*Task statement*. For this exercise, copy all the data exactly and include none of the pictures.

*Provided data*.
- - - - - - -

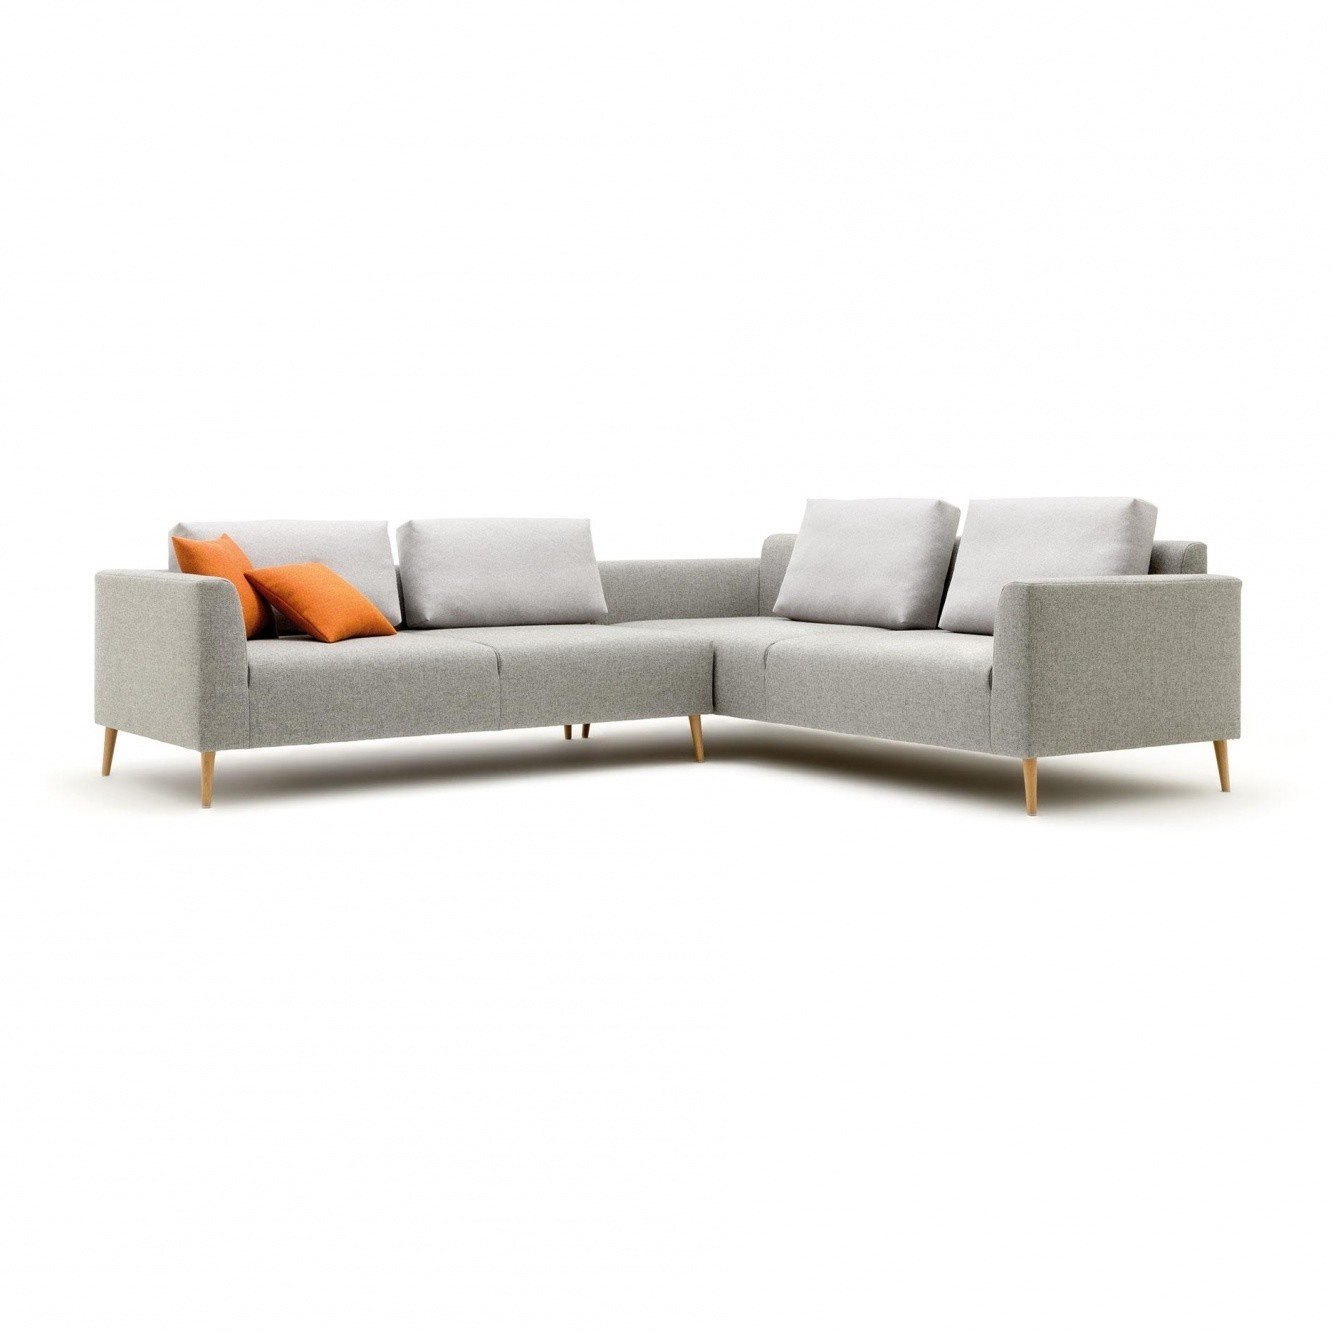 Freistil Rolf Benz Freistil 162 Sofa Ambientedirect
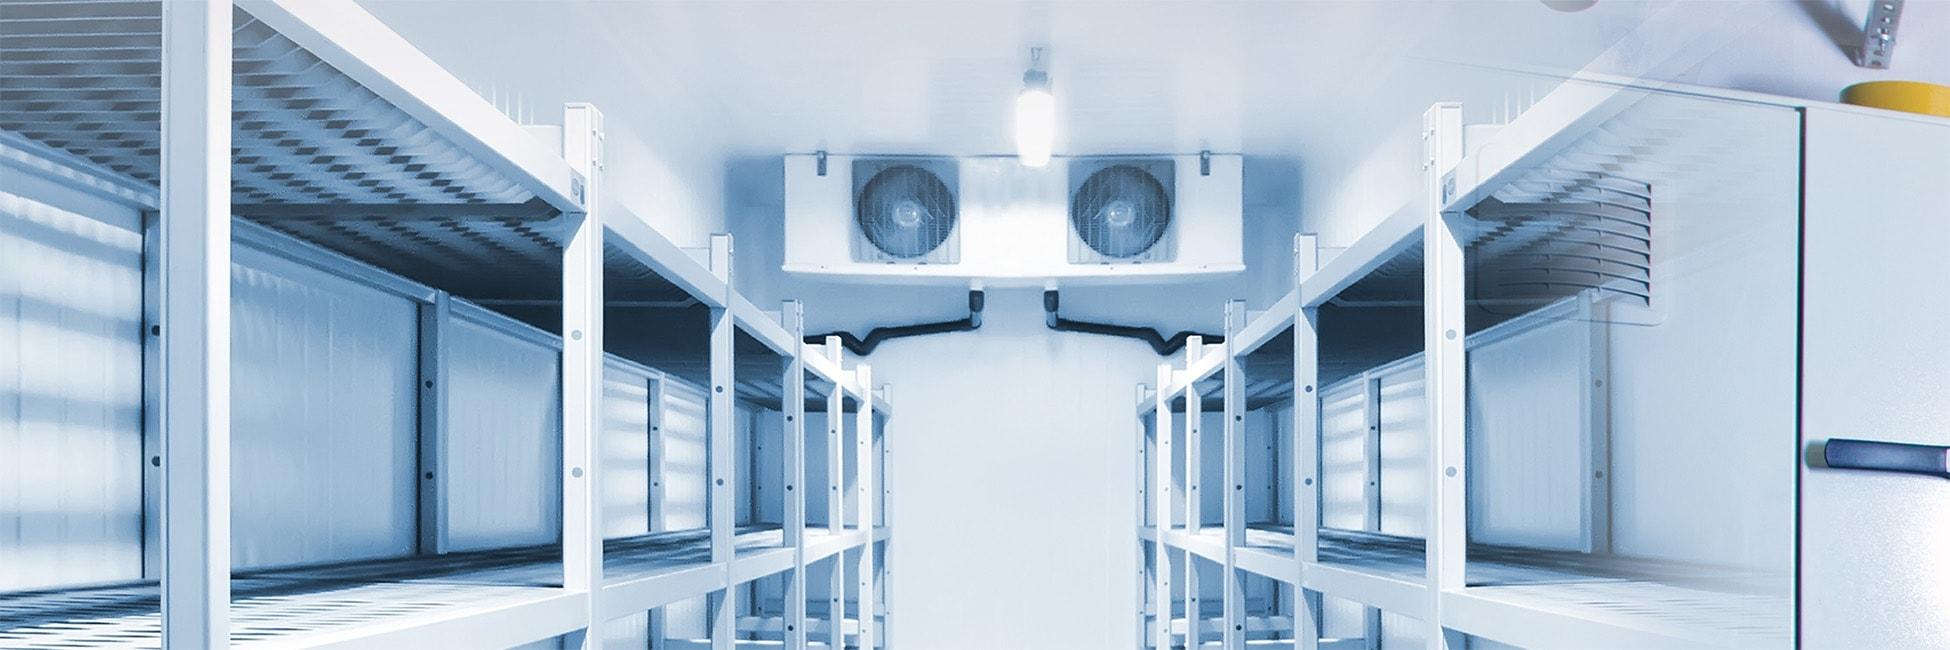 wcd masthead walk in refrigerators
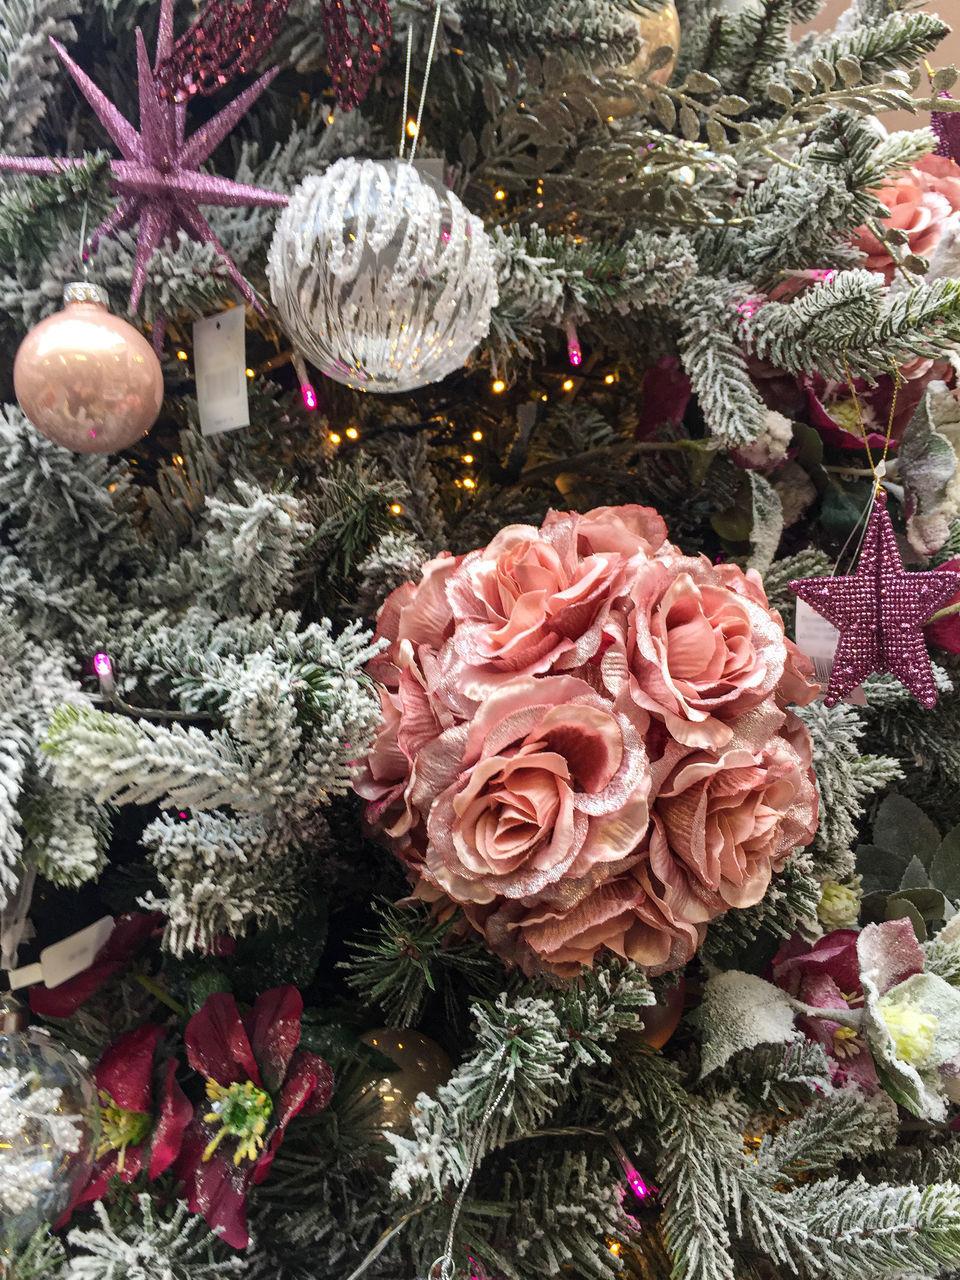 HIGH ANGLE VIEW OF CHRISTMAS DECORATION ON PLANT
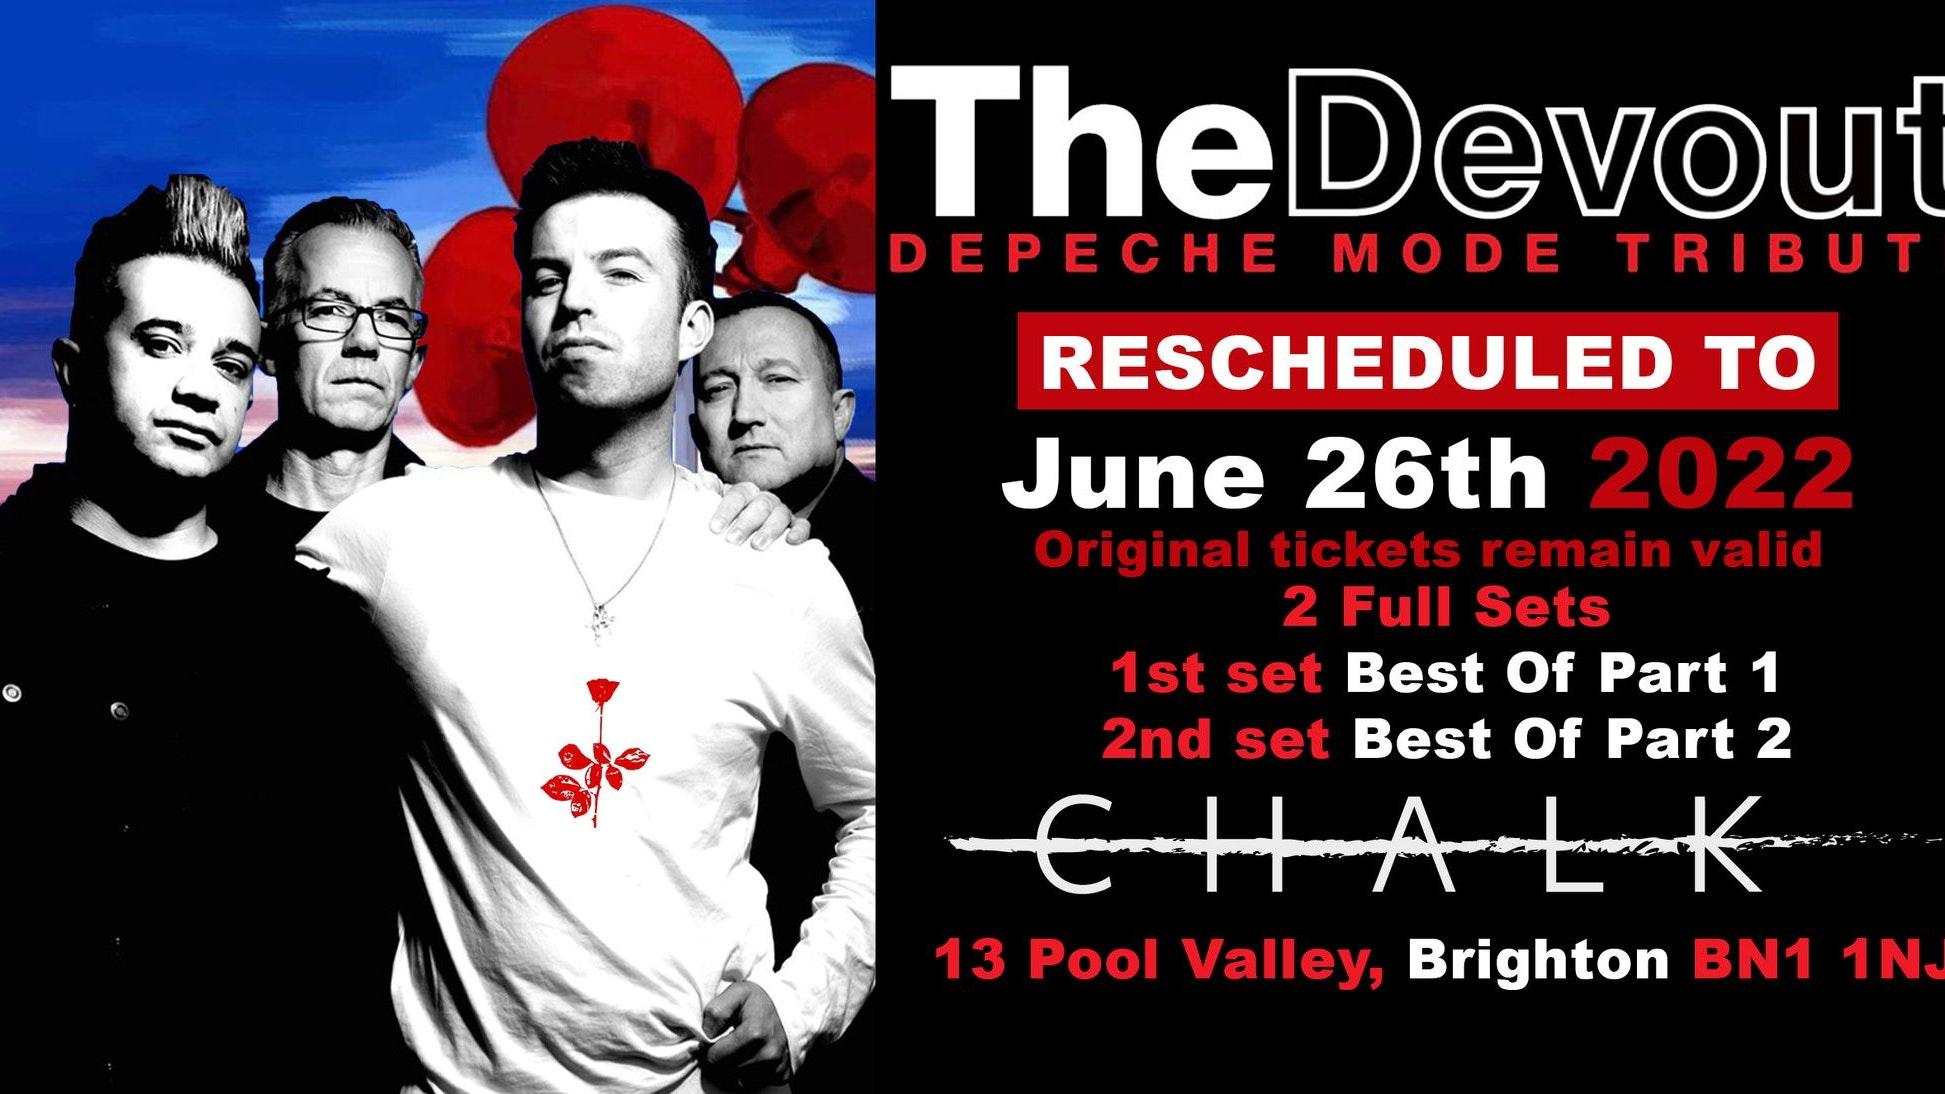 The Devout – Depeche Mode Tribute at The Chalk

- - - - - - -

*Result of this exercise*.
 Freistil Rolf Benz Freistil 162 Sofa Ambientedirect
 wcd masthead walk in refrigerators
 HIGH ANGLE VIEW OF CHRISTMAS DECORATION ON PLANT
 The Devout – Depeche Mode Tribute at The Chalk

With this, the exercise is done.